Small holographic displays winked on around the assembly. Some showed the alien vessel alone, others showed the ship and Avalon together in smaller scale. Sieglinde and Dierdre stood in the midst of the scientific delegation and everyone wanted to talk at once.
"No speculations yet," Sieglinde said, quietly. "Just stay quiet and observe. We'll all have plenty to talk about later." Obediently, the hubbub died down.
"It still looks old," Dierdre said. "Older than any man-made object I've ever seen. I don't know how, but I don't think I'm imagining it."
"Nor do I," Sieglinde said. The huge ship began to project a wide, telescoping umbilicus. Its rectangular mouth was surrounded with winking, colored lights. "In fact, this reminds me of something I saw when I was a child."
"What might that be?" Moore asked. He stood at ease, hands lightly clasped behind his back.
"On the holos from Earth, I once saw the King of England meet some foreign head of state. The visitor arrived in a space-plane of the latest design, but the king, William the Fifth, I think it was, arrived in a horse-drawn carriage. And I remember seeing holos of the Pope being carried on a palanquin by twenty or thirty men."
"A deliberate archaism for diplomatic purposes?" said Moore, who seemed to pick up on such things far more quickly than Wyeth, whose supposed job it was. "That would make sense. It's always been popular with the military; trooping of the guard, old-fashioned dress uniforms and such."

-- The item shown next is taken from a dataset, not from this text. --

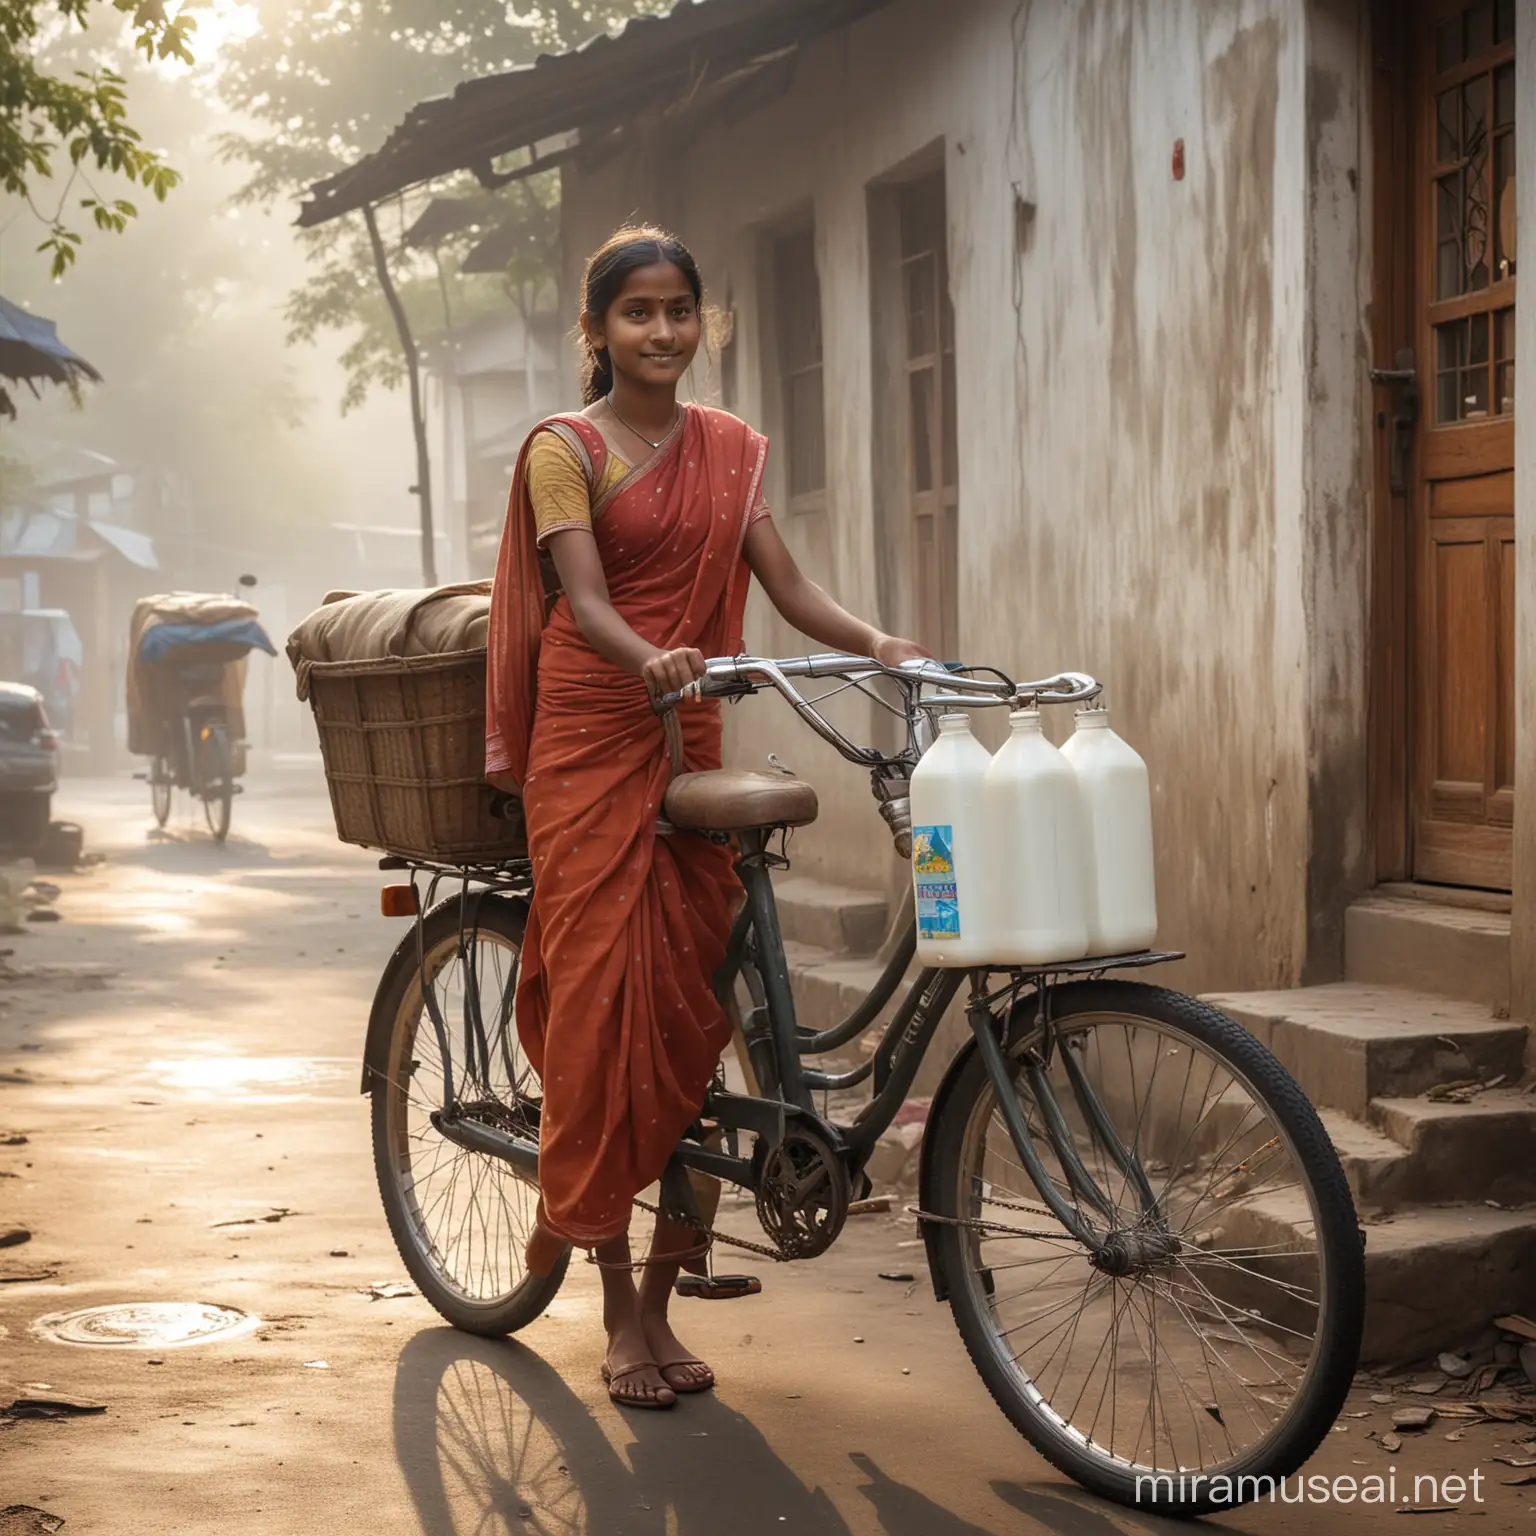 on a misty morning, an Indian man is delivering milk, to a house in the city. The milk is in a large container attached to the back of his bicycle. A 6 year old little beautiful indian girl, from the house, is receiving the milk in a container. The man is pouring the milk into the girl's utensil. the facial features must be very clear. the main focus is the man and the girl. Detailed, vivid colors.
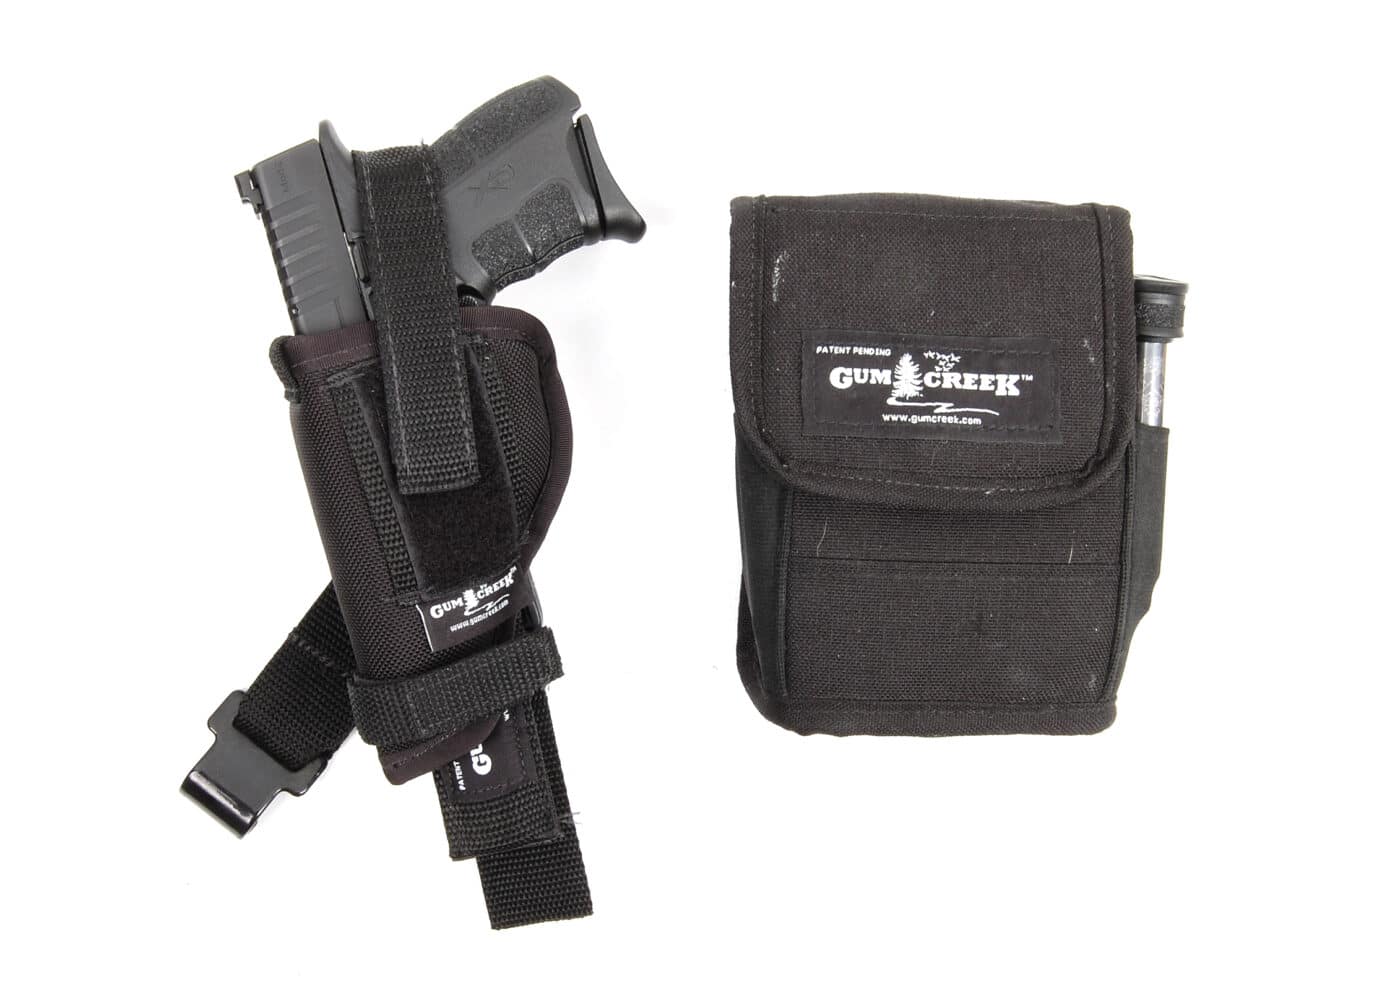 Gum Creek Vehicle Holster with pistol in it

"They might also be trying to spare us culture shock," Dierdre said. "Maybe they don't want to shock the natives with something our poor, primitive little brains can't comprehend."
"That could well be," Sieglinde said, "and they could be right. More than one Earth culture simply disintegrated upon contact with one more advanced, more powerful. When you think your nation is at the center of the universe and your god-king its most powerful being, it's a shock to find that you're a tiny, backward country in an obscure corner of the world."
"Umbilicus contact established," said a voice from the cage.
The
Althing
Speaker, a man named Kimathi, spoke. "Docking Authority, can you tell us how they did that?" He had a directional mike on him and did not need to use a manual unit.
"Either they built the thing for the occasion, or it's adjustable. The mouth is of the remora type, lined with a flexible material that conforms to the irregularities of our outer lock surface, where it seems to form some sort of molecular bond. It's quite sophisticated."
"Sophisticated," Wyeth agreed in a low voice, "but not quite what we might have expected from people who have mastered matter transmission."
There were groans and mechanical noises from the lock. Apparently the aliens' umbilicus-tunnel was pressurizing. Dierdre felt excited, tingling all over in a way she hadn't in too many years. The fear, the sick dread she had been feeling was gone. Whatever was coming, she was ready.
A voice echoed through the dock. It did not come over the intercom, but seemed to have no point of origin. It was a rolling, mellifluous, gorgeous voice. Dierdre found herself smiling broadly, and she hoped that nobody was watching her on holo, and wondering why she smiled. It was not the same voice, but she knew the type.